Но все-таки отложила моточек жемчуга, воткнула
иглу в вышивание и, как могла, споро (бегать царице, даром что бывшей, все-таки
невместно!) начала спускаться по лестнице терема.
К счастью, Афанасий Нагой подоспел на скотный
двор раньше. Сойдя с крыльца, Марья Федоровна с облегчением увидела, что брат
ведет царевича, крепко придерживая за плечо, а тот хоть и рвется, но напрасно.
Первый взгляд Марья Федоровна бросила на руки
мальчика. По счастью, руки его были чисты.
– Вот, успел, – сказал Афанасий,
подталкивая мальчика к матери, но не отпуская. – Еще не опоганился.
– Слава Богу! – от души вздохнула
Марья Федоровна. – Что ж ты, чадо мое, опять за старое принялся?
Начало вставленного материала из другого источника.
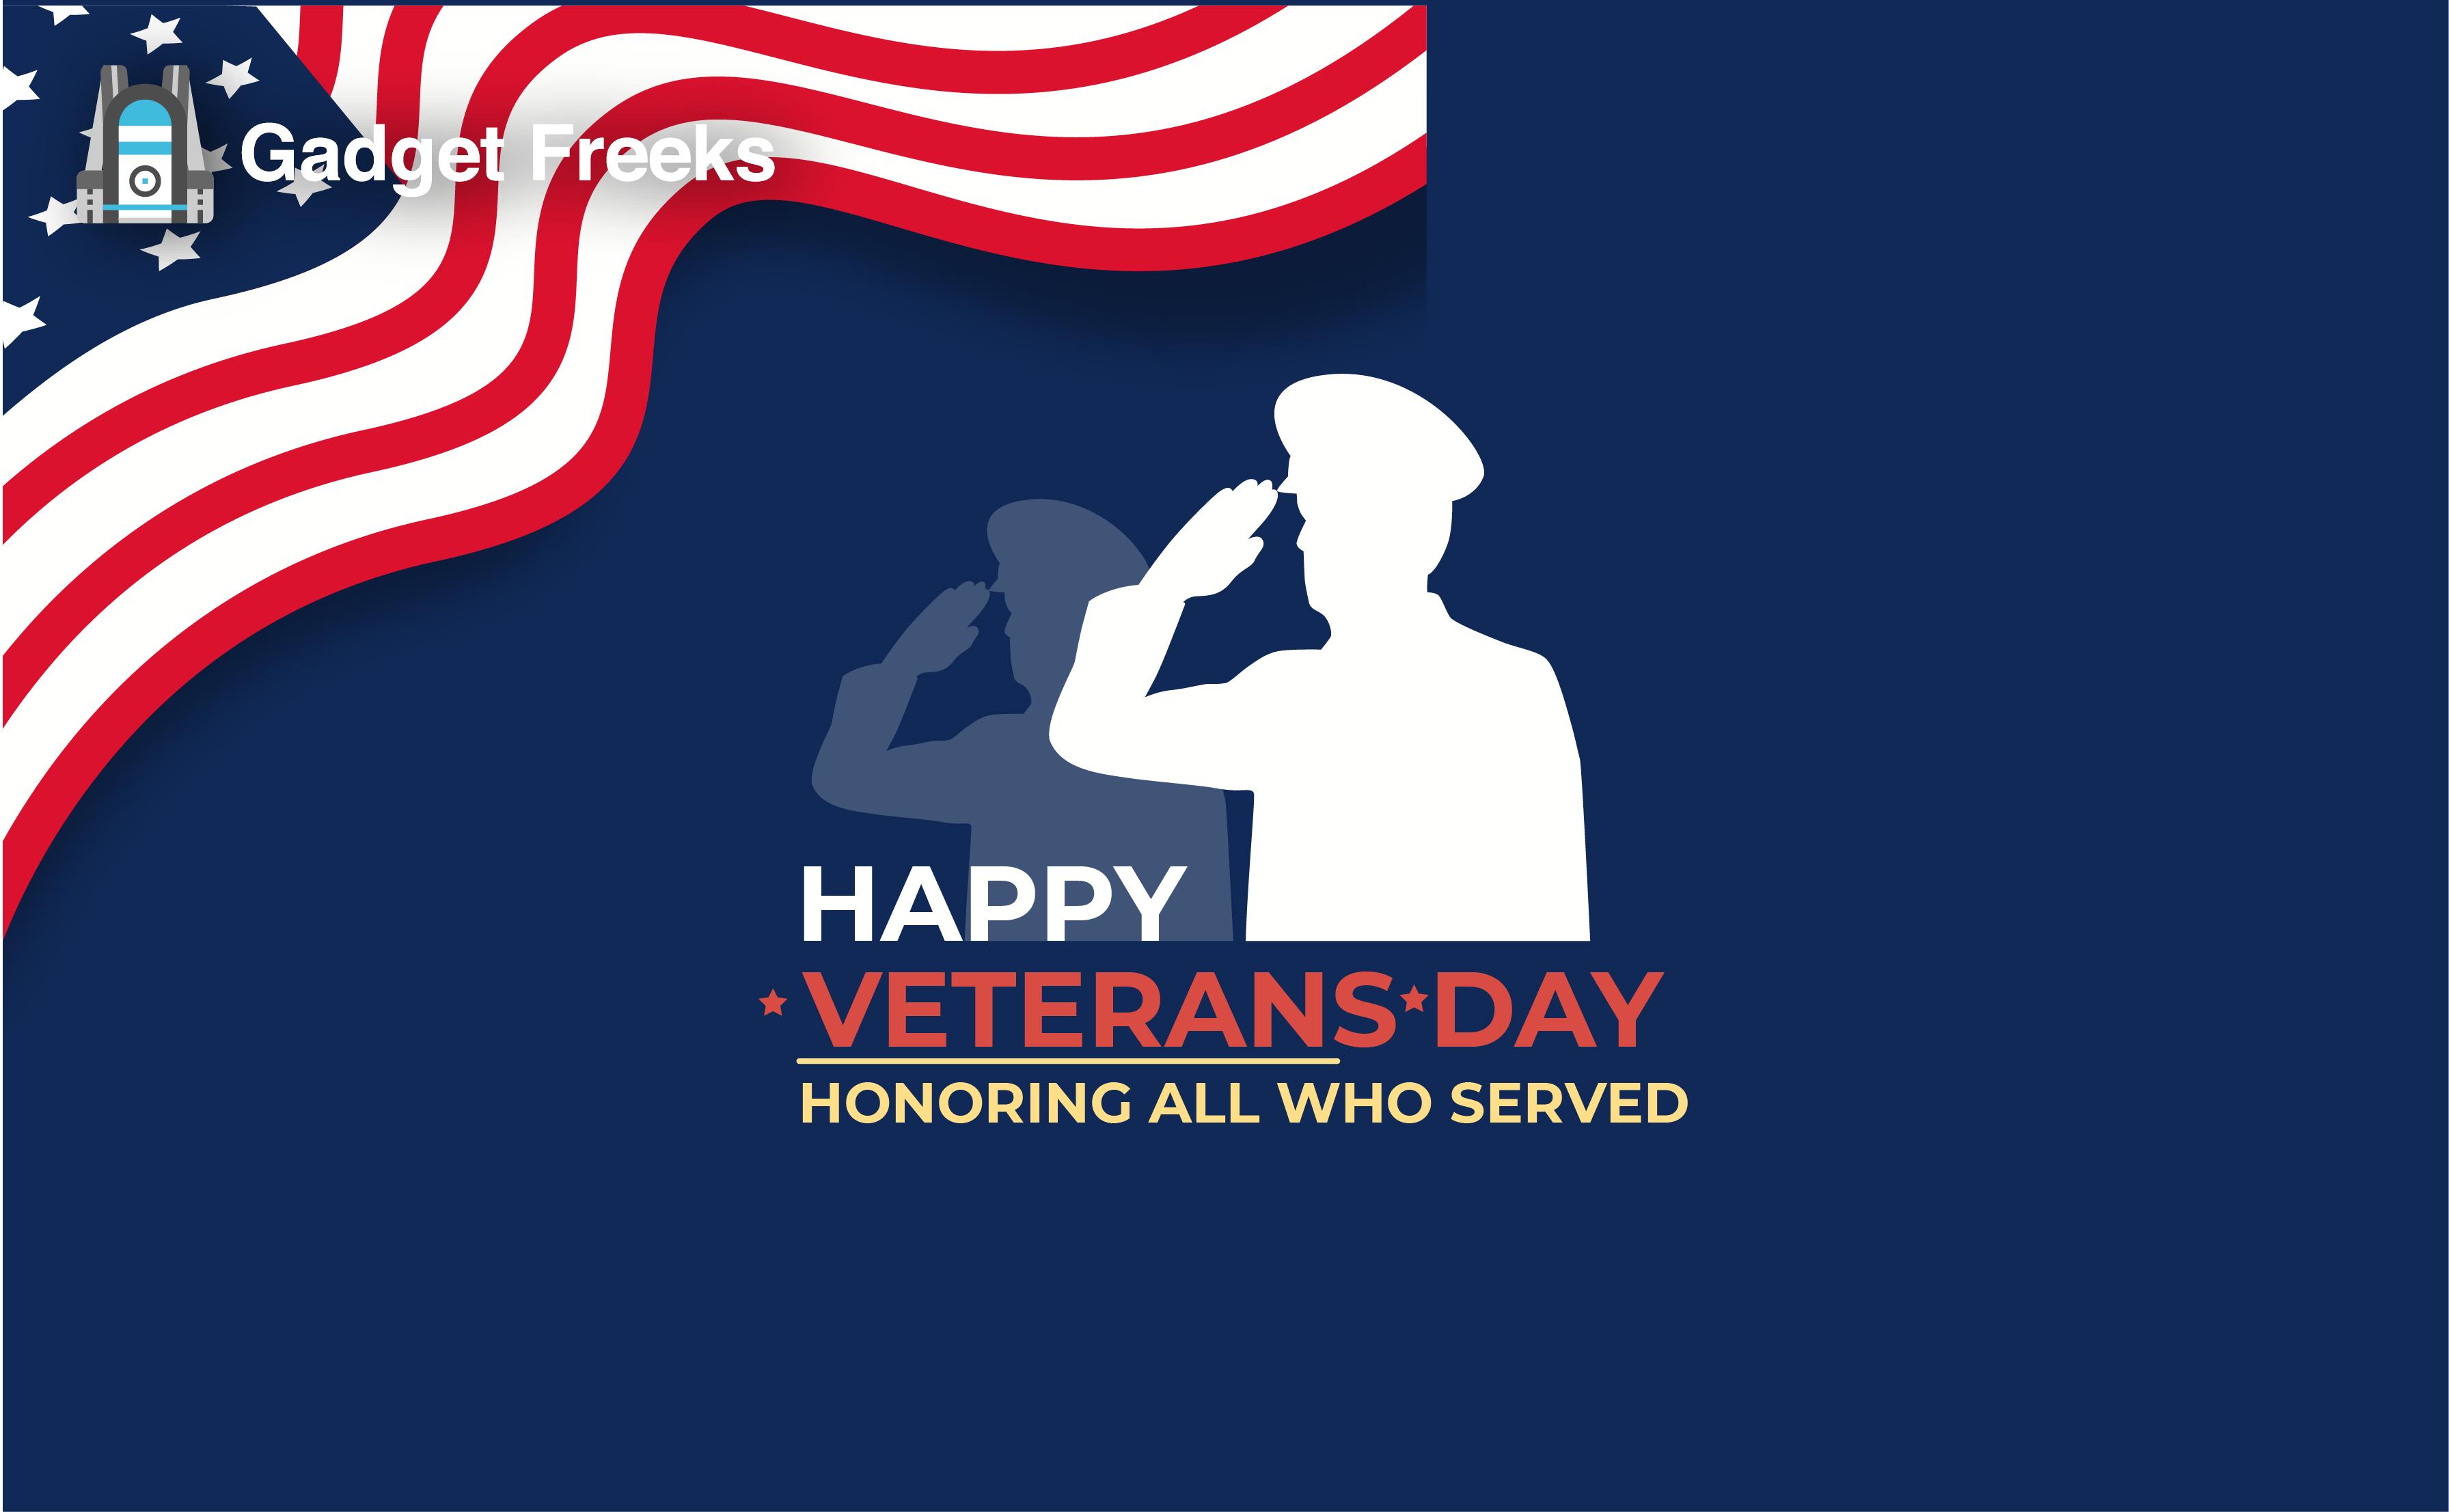 Veterans Day Photos

Уже не
раз божился, что больше не станешь, а сам-то…
Димитрий зыркнул на нее исподлобья темными
глазами и хмуро отворотился, принялся носком сапожка чертить какие-то разводы в
белом песочке, которым были посыпаны дорожки во дворе. Пробурчал что-то
невнятное. Может, божился заново? Может, клялся: мол, больше не буду?
Странно. Марье Федоровне почудилось, он
сказал: «Хочу и буду!»
Ну и нрав у этого мальчишки! Недобрый нрав! В
кого только уродился? Хлебом не корми – дай пробраться на скотный двор, когда
там скотину, быков или баранов режут. А уж когда начнут на кухне головы
цыплятам сворачивать, у него аж руки дрожат от нетерпения. Оттолкнет повара,
сам вцепится в птицу… Как-то раз Марья Федоровна увидела такое – ее чуть
наизнанку не вывернуло. Оттащила царевича от стола, на котором лежали тушки с
нелепо запрокинутыми головами, уже руку занесла, чтобы отвесить добрую
затрещину, но вовремя поймала недоуменный взгляд стряпухи – и руку поспешила
опустить. Хотя стряпуха смотрела сочувственно: небось и ей самой была неприятна
такая жестокость царевича.
– Ну что поделать, матушка-царица, –
сказала она тихонько, – известно: яблочко от яблоньки… Чай, его сын, его
кровиночка!
Марья Федоровна ни словом ответным не
обмолвилась, хотя намек поняла мгновенно: стряпка думала, что жестокосердие
свое царевич унаследовал от отца, царя Ивана Васильевича, заслужившего
прозванье Грозного. С трудом сдержала тогда всколыхнувшийся гнев: бешеный нрав
царевича – как бы и ей упрек, что не в силах его смягчить.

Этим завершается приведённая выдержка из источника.